Macron’s party buries French establishment » Manila Bulletin News




Paris, France— President Emmanuel Macron continued bulldozing France’s political establishment as his upstart La République en Marche! (LREM) party topped Sunday’s first-round legislative vote and appeared poised to claim a historic majority in parliament.

President Emmanuel Macron

Based on the first-round results, candidates from Macron’s LREM, a political party that barely existed one year ago, were projected to take between 415 and 445 seats in the 577-seat National Assembly next week. It would represent the largest parliamentary majority for a single party in France since the end of World War II.

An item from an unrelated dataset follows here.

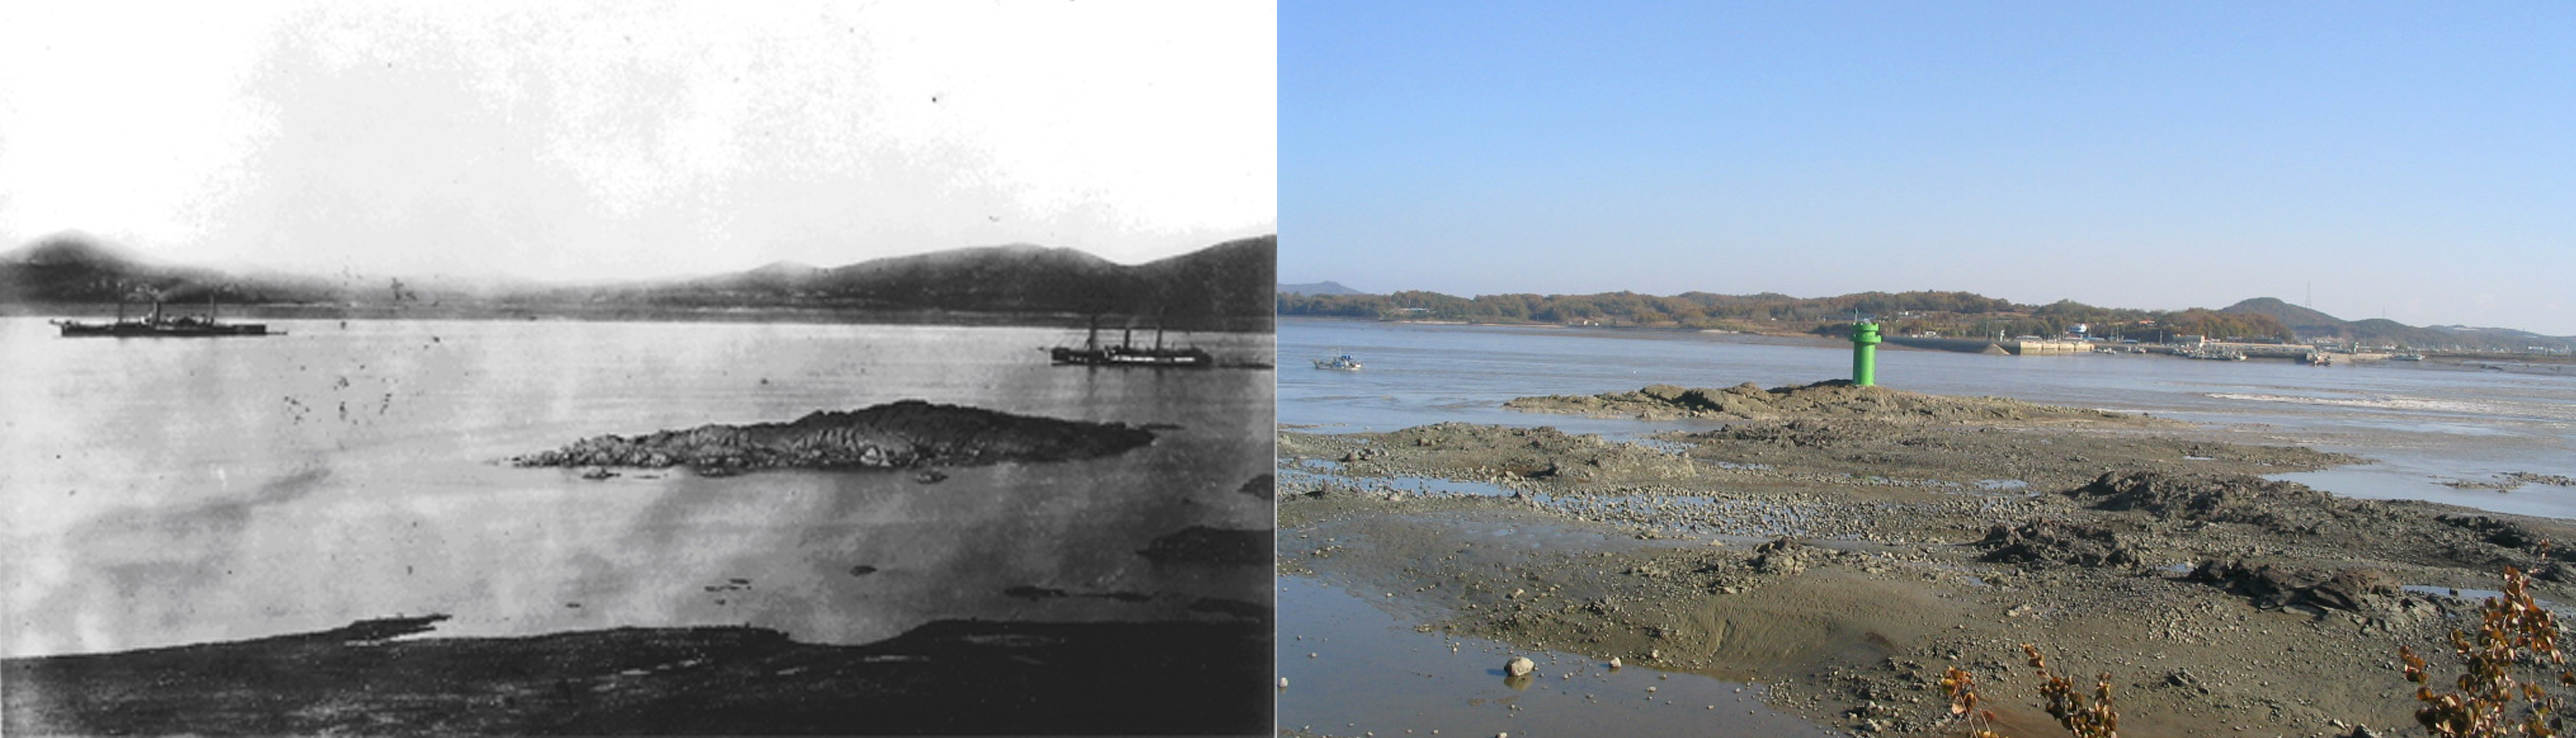 Choji Fort, looking across the Yeomha; Left--1871, Right--2011

The LREM party won 32.32 percent of all votes, according to official final results published by the French Interior Ministry, in an election that was also marked by a record-high abstention of 51.29 percent. The mainstream conservative Les Républicains party finished the night in second place with 21.56 percent support. They were projected to win between 70 and 110 seats in the next Assembly according to a projection by Ipsos for FRANCE 24.

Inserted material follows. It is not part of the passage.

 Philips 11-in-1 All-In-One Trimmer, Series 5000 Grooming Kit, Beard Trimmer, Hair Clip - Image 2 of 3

Les Républicains leaders, who only weeks ago felt confident about securing a majority in parliament, acknowledged the “disappointing” results. Other established political camps, left angling for what appeared would be a paltry number of seats, also had little to celebrate.

Despite half of French voters having chosen not to cast a ballot, Prime Minister Edouard Philippe said they had delivered an “unambiguous” message on Sunday. “Millions of you have confirmed your attachment to the president of the Republic’s project of renewal, unification and re-conquest,” Philippe declared in a statement.

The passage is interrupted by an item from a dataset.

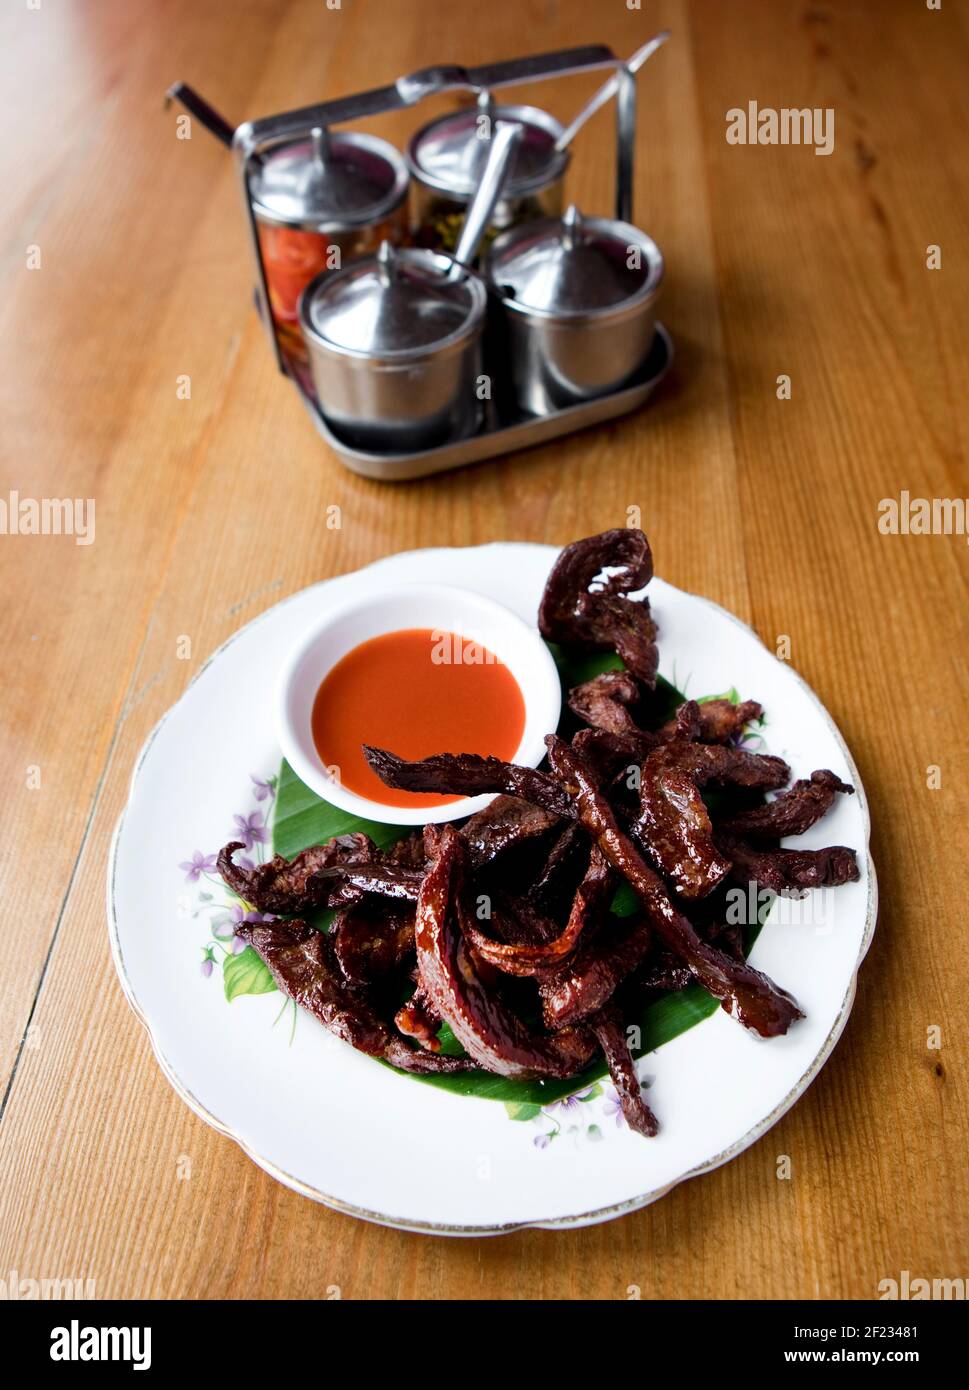 101 Thai Kitchen Pic Shows:  Salted Beef Stock Photo

Voters will return to the ballot box for the second round of the legislative poll on June 18, with public opinion experts expecting participation to improve slightly.

Participation in French parliamentary elections has been in free fall over the past three decades. The year 1978 saw the highest participation in a first-round legislative vote, with 83.3 percent of voters casting a ballot. The lowest turnout – until now – was in 2012, when only 57.2 percent of voters participated.

Far-right leader Marine Le Pen put on a brave face in front of the cameras on election night and trumpeted her own first-place score in the northern constituency she is vying to represent. But her National Front (FN) party was staring at yet another defeat.